Getting poked with a needle multiple times at the doctor’s office could become a thing of the past, thanks to an AI-enabled ultrasound imaging system that’s being developed by Fujifilm SonoSite and the Allen Institute for Artificial Intelligence.
The collaboration, announced today, aims to provide better interpretations of ultrasound images with AI, opening the way for new ultrasound applications and enhanced accuracy.
One of the first applications would be to identify blood vessels under the skin, said Vu Ha, technical director at the AI2 Incubator.
“We train deep learning models on ultrasound images, where veins and arteries have been carefully labeled by sonographers,” Ha explained in an email to GeekWire. “When deployed, these trained models would detect vessels and visualize them on the ultrasound screen in real time. Clinicians would then use these visualizations to locate veins with much higher confidence, minimizing the need to poke patients multiple times.”
Ha said visualizing the arteries would show clinicians which spots on the body to avoid when they’re sticking in a hypodermic needle.
Finding the sweet spots for intravenous procedures isn’t a trivial achievement.
“Annually, 20% of the population in the U.S. goes through the painful experience of getting poked three or more times during IV procedures, due to the fact that they have hard-to-find veins,” Ha said. “With an AI-assisted vein detection ultrasound device, this problem can potentially be solved for many millions of patients.”
The collaboration demonstrates how Pacific Northwest connections can pay off: Fujifilm SonoSite, a subsidiary of Japan’s Fujifilm that’s headquartered in Bothell, Wash., reached out to the Seattle-based AI2 Incubator for advice on improving their compact ultrasound imaging systems.
“The AI2 Incubator was a perfect place to look for help in creating breakthrough technology,” Rich Fabian, SonoSite’s president and chief operating officer, said in a news release. “They have the type of talent that is hard to recruit, combined with the hunger of a startup. We look forward to collaborating more.”

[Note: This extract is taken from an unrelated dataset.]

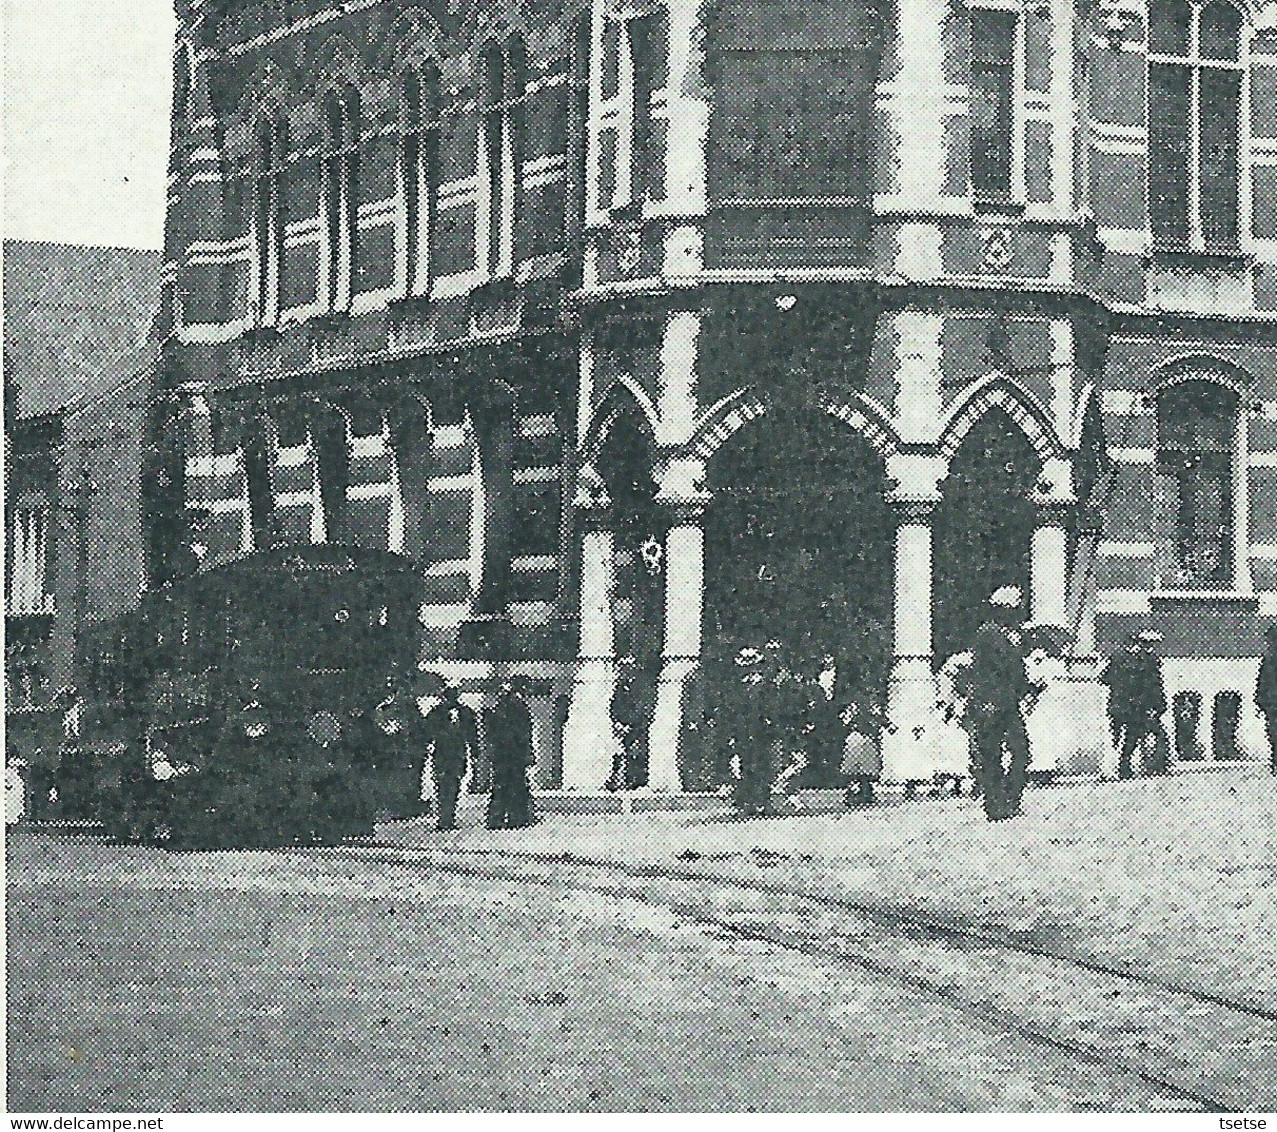 Mariemont - Hôtel De Ville - TRAM - 1903  ( Voir Verso ) - Morlanwelz
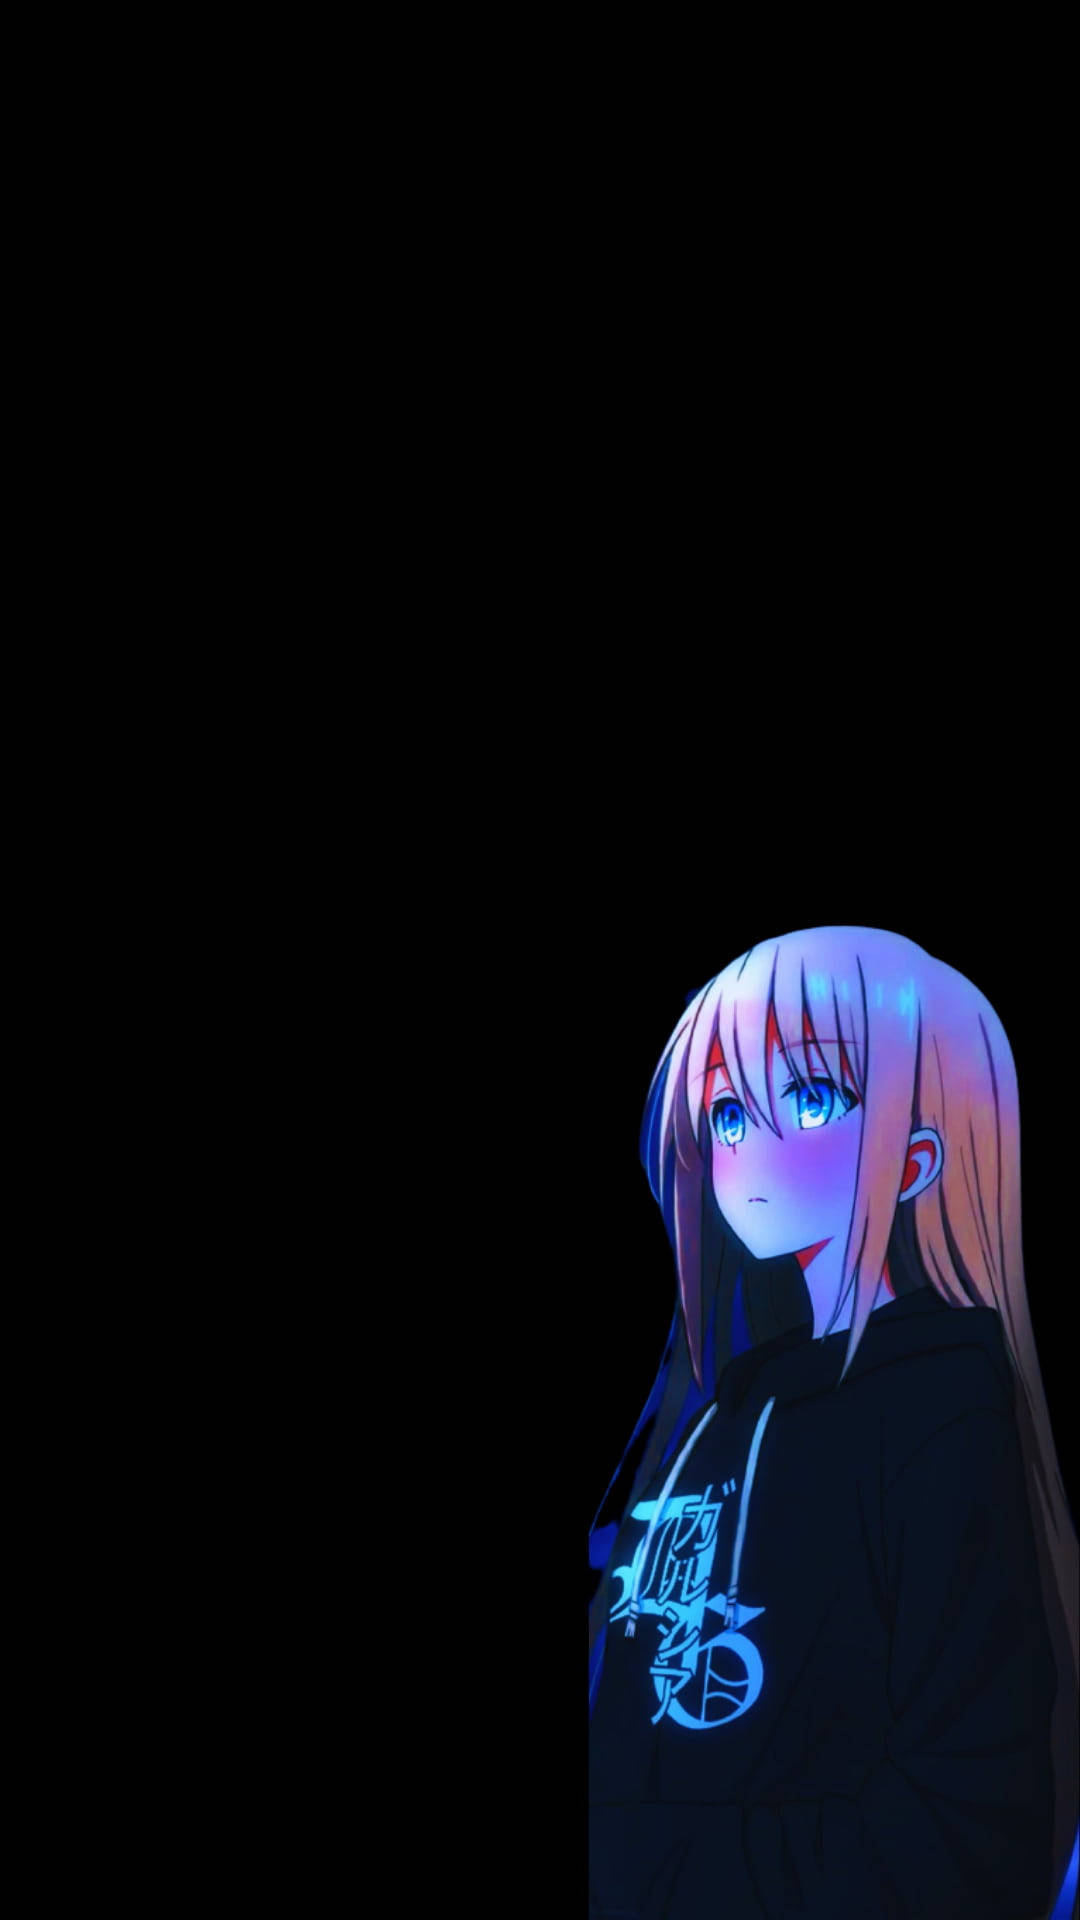 Dark Aesthetic Sad Anime Girl Background

AI2 plans to apply deep learning and computer vision to a wider range of ultrasound scenarios. “The plan is to incorporate this technology in multiple products at SonoSite,” Ha said.
Ultrasound imaging is significantly more affordable and portable than X-ray imaging, CT scans or PET scans, with none of the downside associated with radiation exposure. “Ultrasound’s comparative disadvantage is its lower image quality, which we aim to address with the use of deep learning,” Ha said.
Artificial intelligence has already been applied to image interpretation for the diagnosis of maladies ranging from malaria to early-stage lung cancer, breast cancer and cervical cancer. AI2 and SonoSite aim to make similar advances in the ultrasound realm.
“The combination of deep learning and medical imaging is very exciting for the future of detection,” said Diku Mandavia, senior vice president and chief medical officer of Fujifilm SonoSite. “Better care and catching anomalies earlier and faster is a core mission.”